The hospital, on Rublyovskoye Shosse in northwest Moscow, was originally built for Communist nomenklatura. Today it serves employees of all the federal structures - including the Kremlin, the White House, the ministries, the Duma and the Federation Council, as well as private clients. There is a separate building for Yeltsin and other top officials.


According to Kommersant's report, the floor that the president occupies includes an office, a room in which to receive guests, a bedroom, a dining room, rooms for family members, a home movie theater and a billiard room.


The paper said that two years ago Borodin supervised renovations that left the hospital's presidential wing looking like Yeltsin's Kremlin office. After all, by Kommersant's reckoning, he has spent 161 days there during his presidency.


Needless to say, patients who are out of the presidential circle live in slightly more modest conditions. But even for regular patients, the Central Clinical Hospital offers much better service than most Moscow hospitals.

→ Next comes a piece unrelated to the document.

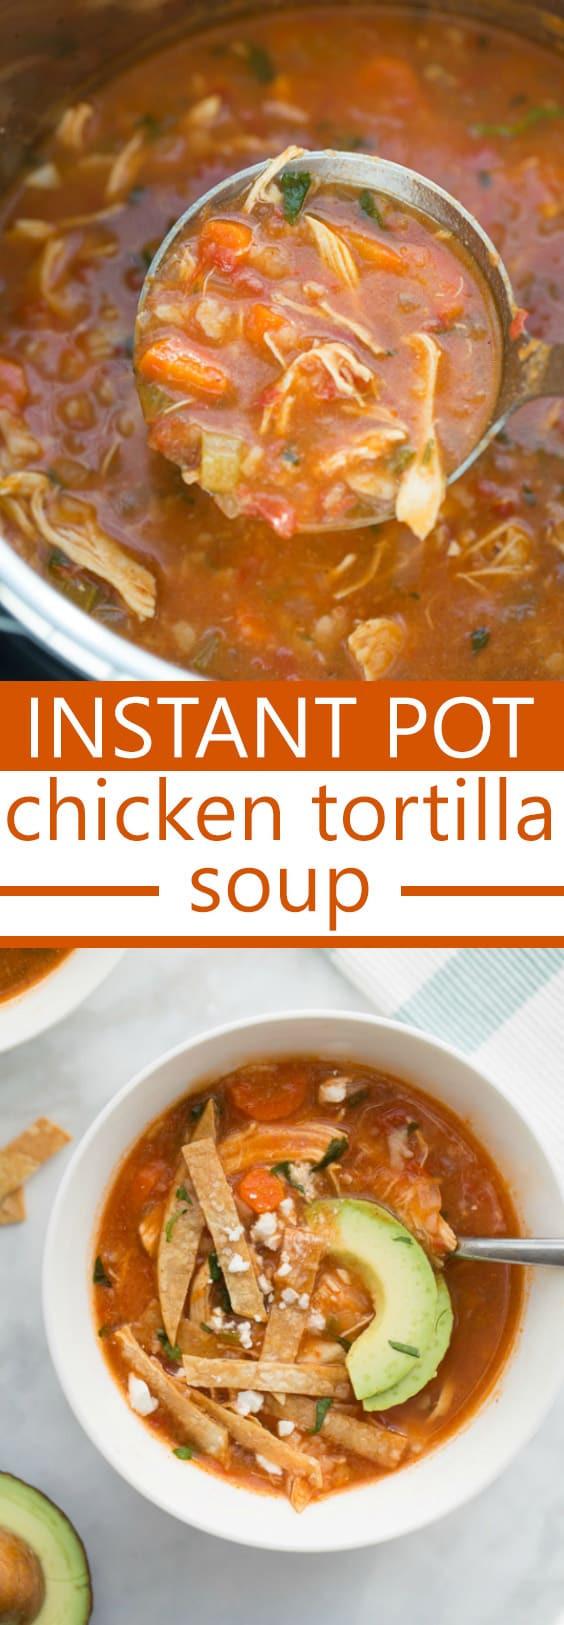 Chicken Tortilla Soup Instant Pot  Instant Pot Chicken Tortilla Soup Meaningful Eats

"What's really good there is that they have all kinds of diagnostic equipment," said Alexander, a White House employee who recently recovered from a broken leg at Central Clinical. He added that unlike other Russian hospitals, in Central Clinical the food isn't bad, the rooms aren't crowded and it is easy to call out. The wooded location is also a plus for patients who can walk around.


The hospital is heavily guarded, and visitors other than relatives can enter only with passes and at certain times.


Alexander said he didn't see any celebrities there, but people visiting him told him they saw a helicopter arrive on the hospital's landing platform. From the helicopter emerged Moscow Mayor Yury Luzhkov, apparently there to pay someone a visit.